6.20.2012

Disposable Music























A few years ago me and my younger sister were crashing on the couch of a Harvard Graduate student in Cambridge. Though he was a remarkably accommodating host, he didn't have much time to show us around this unfamiliar as most of his time was committed to research and writing papers. I remember reclining in his living room reading some Wilde stories I had found on his shelf and hearing a stream of shuffled indie pop/folk/etc flow out of his room where he hunched over his desk. It was delightful. I had recently discovered the sugary joys of the New Pornographers and Apples in Stereo, not to mention a still constant flow of deeply effecting bands like Someone Still Loves You Boris Yeltsin and The Shins, and found myself sitting there thinking, Damn, this stuff is amazing. There is so much wonderful indie pop in the world, I could just listen to it all the time, forget everything else. Look at how interesting and tuneful all of these sounds coming out of his stereo are. I listened closer. Occasionally I'd recognize something, So Says I and Young Folks, and more often I knew enough to place a band without having really listened to them before, Devotchka, Clap Your Hands Say Yeah, but most of the time they were the kind of unimportant but delightful bands that swarmed the scene at the time.

And through this closer listening I realized that most of the music coming out of his speakers was not that good. Most of it was derivative and catchy in an uninteresting way. Each song would use an instrument in a way I hadn't previously heard, sure, but had none of the power and depth of the great songs of the genre. There would be no, say, "Seeing Other People" or "I Woke Up Today". These songs were great, and the mix was superb, but they were disposable.

One blizzard and three days later I get back to New York and sit down to make a tape of indie pop songs that would be as amazing to listen too as the MA student's, but with only incredible songs. Only songs with the catchiness and the orchestrative playfulness but also containing incredible depth and power. Only the "I Am Warm + Powerful"s and "Death By Misadventure"s of the world. And I realized that I couldn't do it.  All told I had maybe ten or fifteen albums of indie pop that I loved wholeheartedly and to make this flow of music I would need so much more than that. And that perhaps the brilliance of the Cambridge mix outshone the dullness of each of its tracks individually. It created an emotion and continuity that couldn't be gained by a list of unique and striking songs. Perhaps the whole was greater than its parts.
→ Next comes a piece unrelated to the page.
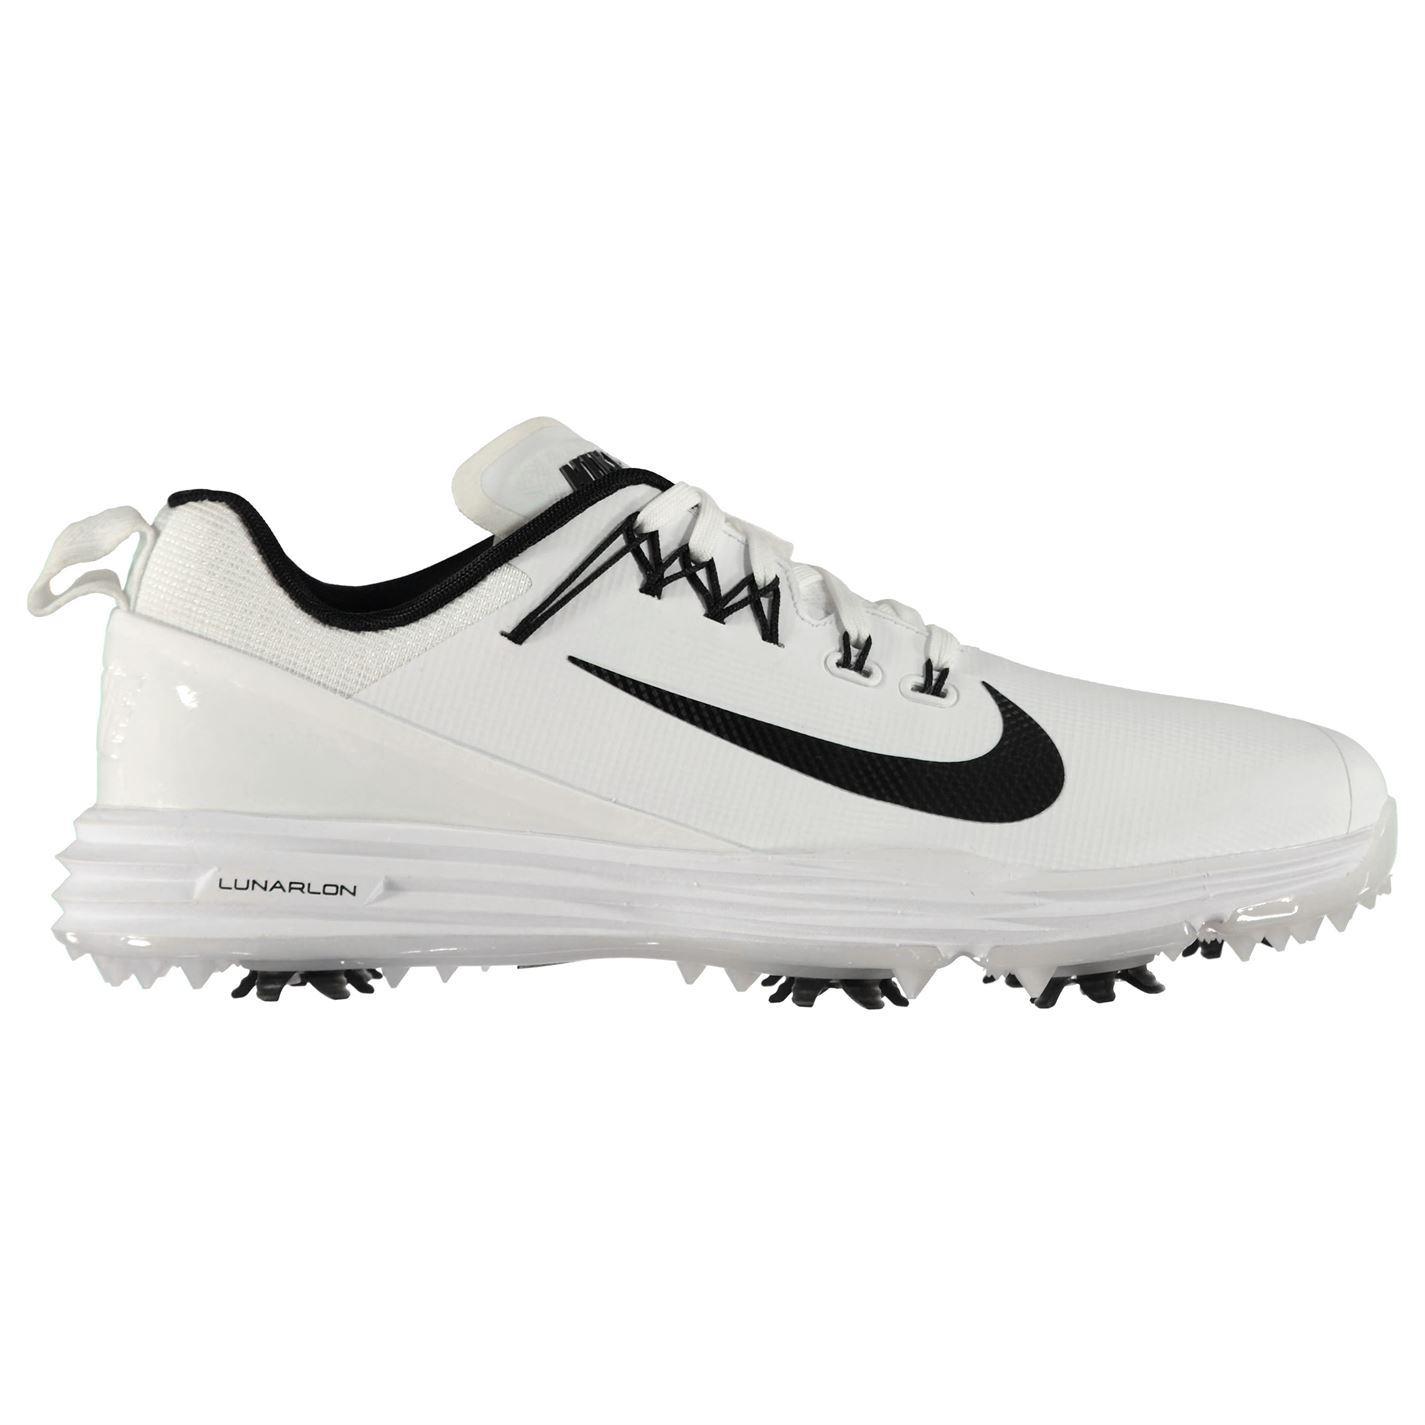 3688a5e6094a0 Nike Lunar Command 2 Golf Shoes LadiesSpikes Trainers Footwear | eBay

This was the first time I ever understood the benefit of disposable music, worth in a scene that goes beyond worth in individual bands. This is perhaps a particularly internet age phenomena as previously mixes took hours to make, not to mention the expense of buying so many records in order to create this wash of music. Now with internet streaming and shuffle it's a natural way of hearing this. And it opens up worlds.

The ambient music scene is buzzing (/pun) like it never has previously, if there even ever was an ambient scene before. And though I doubt I could point you to many individuals that have blown my mind (besides, perhaps, Sean McCann and Noveller ) a quick stroll though bandcamp or youtube will show you few stand outs but and incredible wave of music that could bring wonder and definition to every summer afternoon. The same holds uniquely true for the worlds of dubbed out bass music and instrumental hip hop beats and free mix tapes, and certainly of the streams of violent garage bands and surf rockers and synth-pop textureists swarming the Brooklyn scene today.

It goes almost exactly against the Post-Punk ideal of forward forward forward and, at the end of the day, you probably won't be finding things that change your life. But with everything going on in the United States underground music oceans these days I've found brilliance in the whole what I couldn't find in its parts.